**Task brief:**
Transcribe the data exactly, pictures excluded.

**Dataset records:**
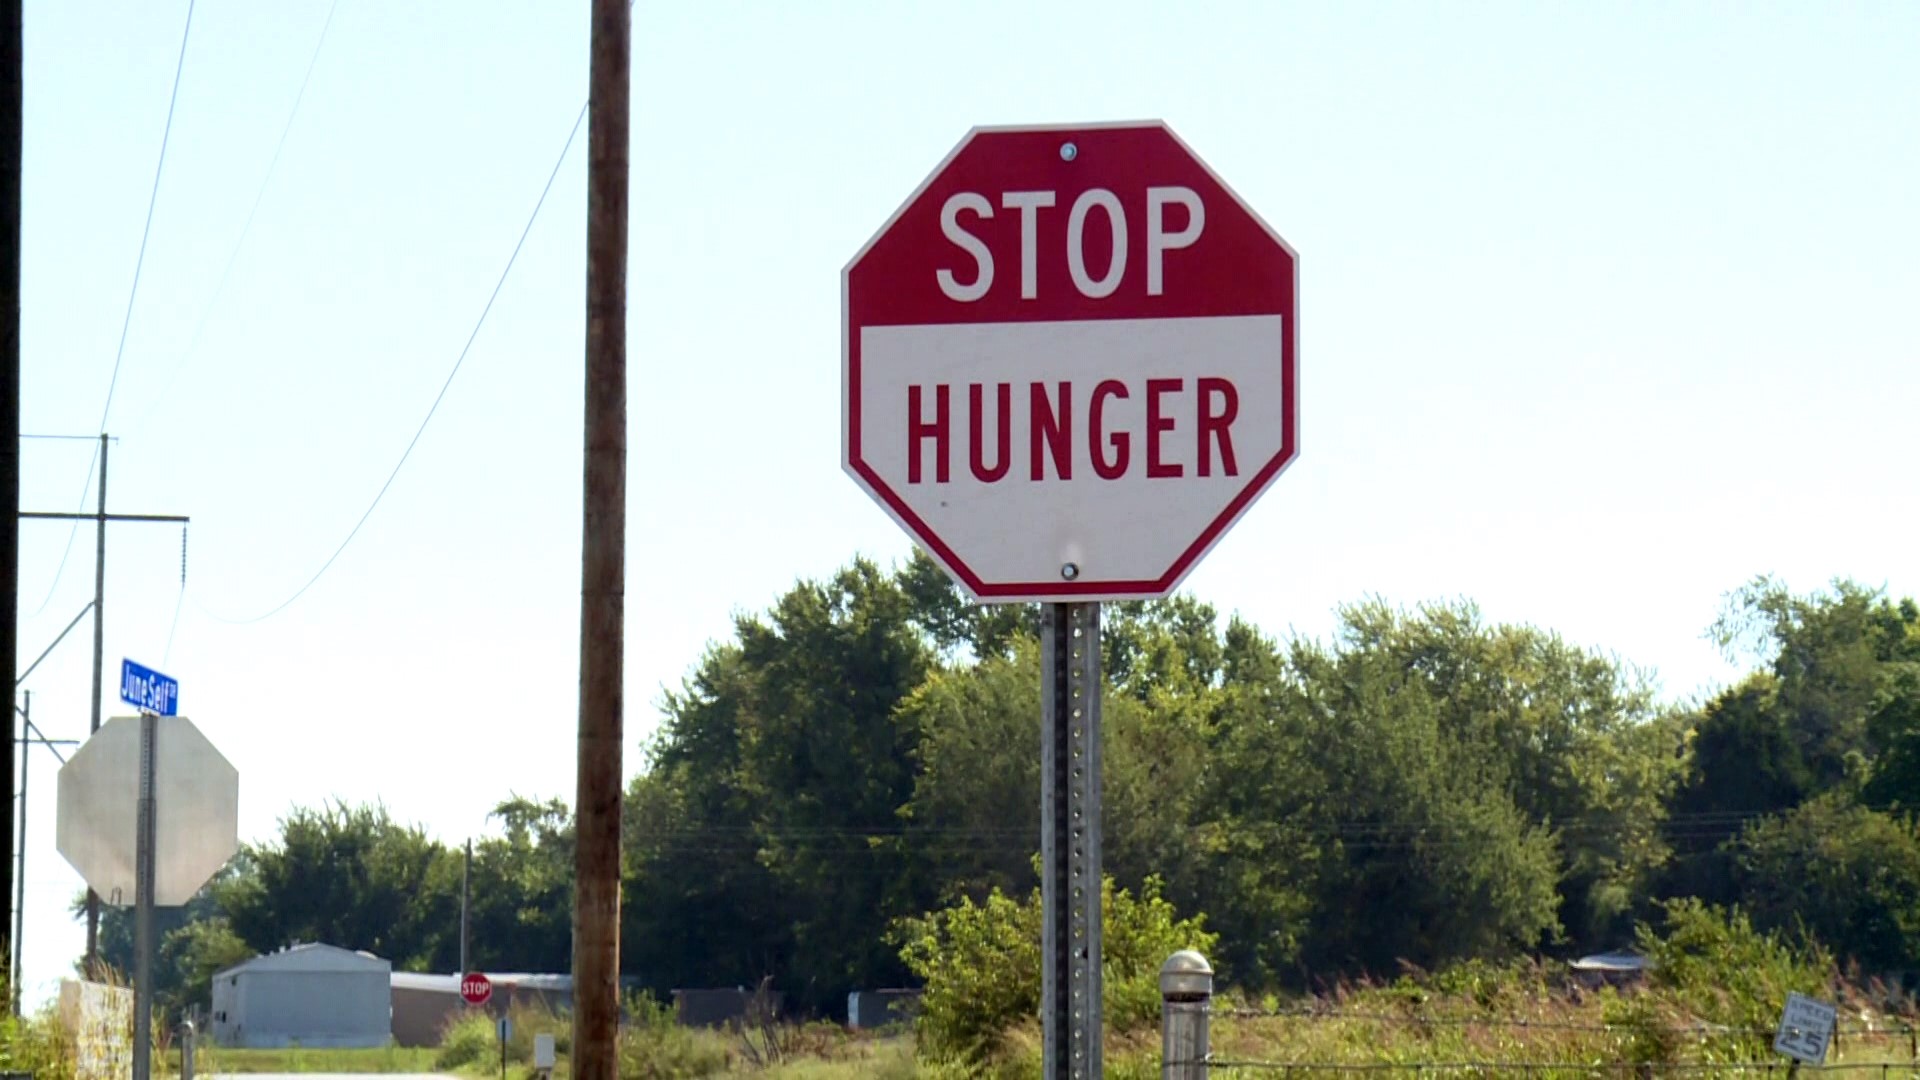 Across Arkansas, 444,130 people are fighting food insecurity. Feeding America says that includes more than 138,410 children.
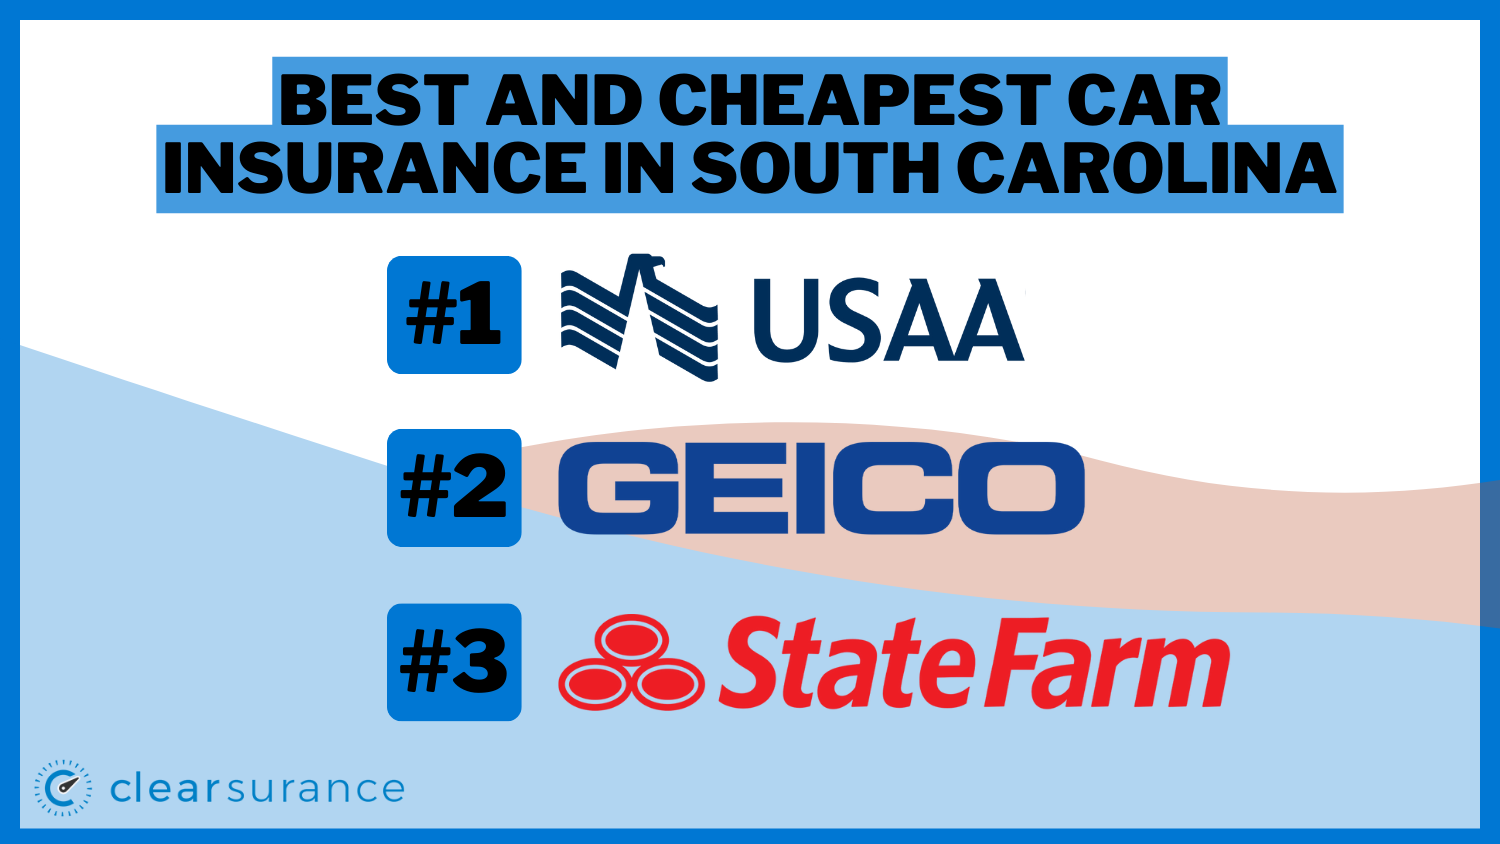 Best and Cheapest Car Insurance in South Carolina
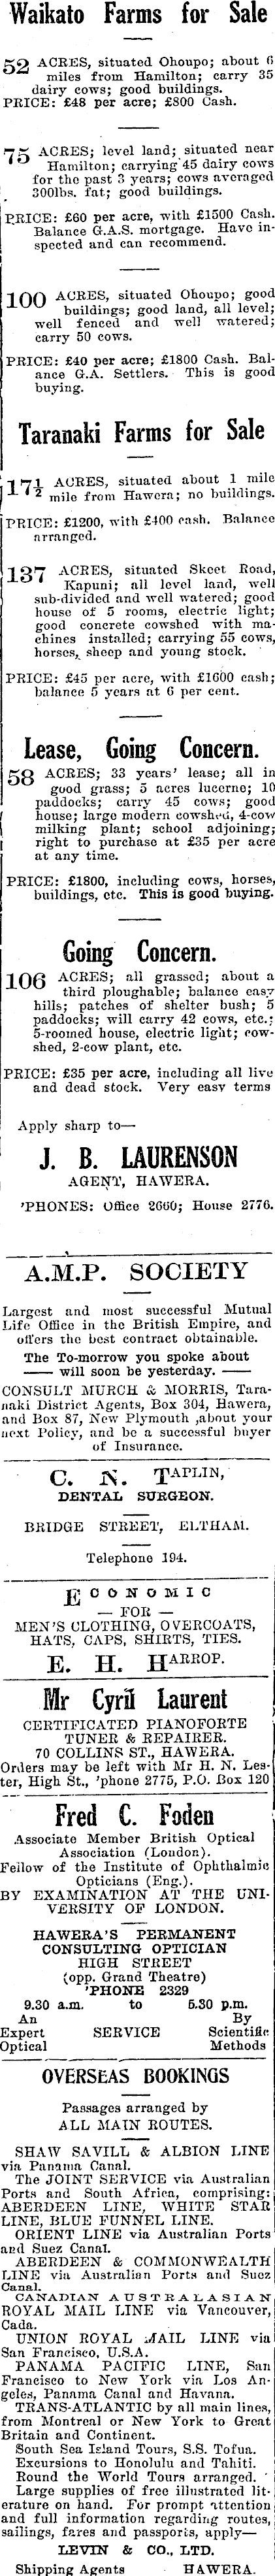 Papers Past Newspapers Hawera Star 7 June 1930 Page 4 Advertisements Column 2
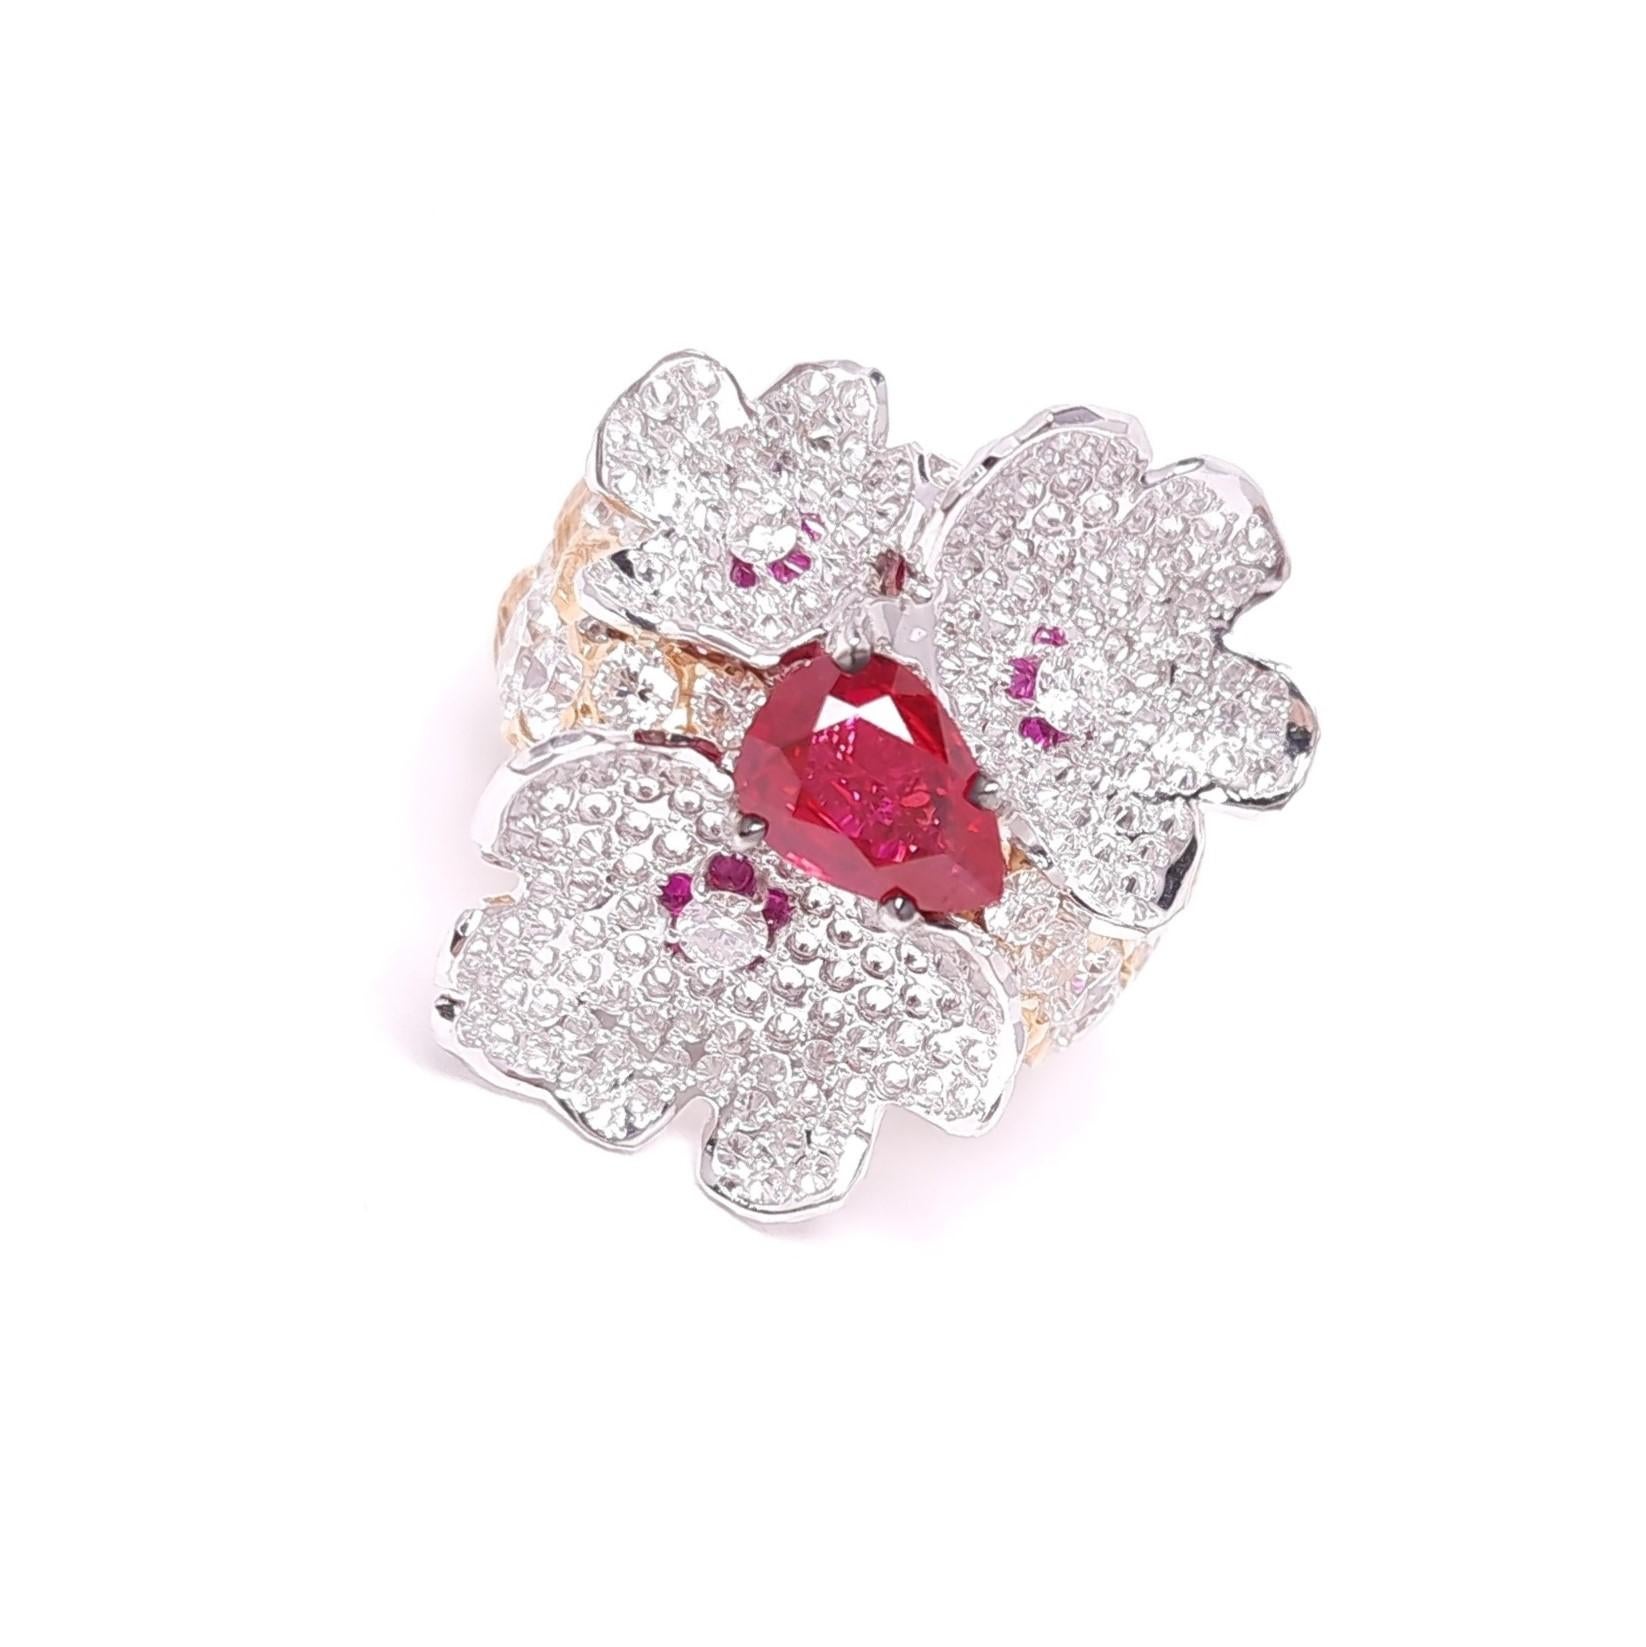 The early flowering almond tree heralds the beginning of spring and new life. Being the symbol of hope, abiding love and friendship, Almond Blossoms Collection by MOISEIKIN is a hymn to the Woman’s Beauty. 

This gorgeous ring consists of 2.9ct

**Task solution:**
 Across Arkansas, 444,130 people are fighting food insecurity. Feeding America says that includes more than 138,410 children.
 Best and Cheapest Car Insurance in South Carolina
 Papers Past Newspapers Hawera Star 7 June 1930 Page 4 Advertisements Column 2
 The early flowering almond tree heralds the beginning of spring and new life. Being the symbol of hope, abiding love and friendship, Almond Blossoms Collection by MOISEIKIN is a hymn to the Woman’s Beauty. 

This gorgeous ring consists of 2.9ct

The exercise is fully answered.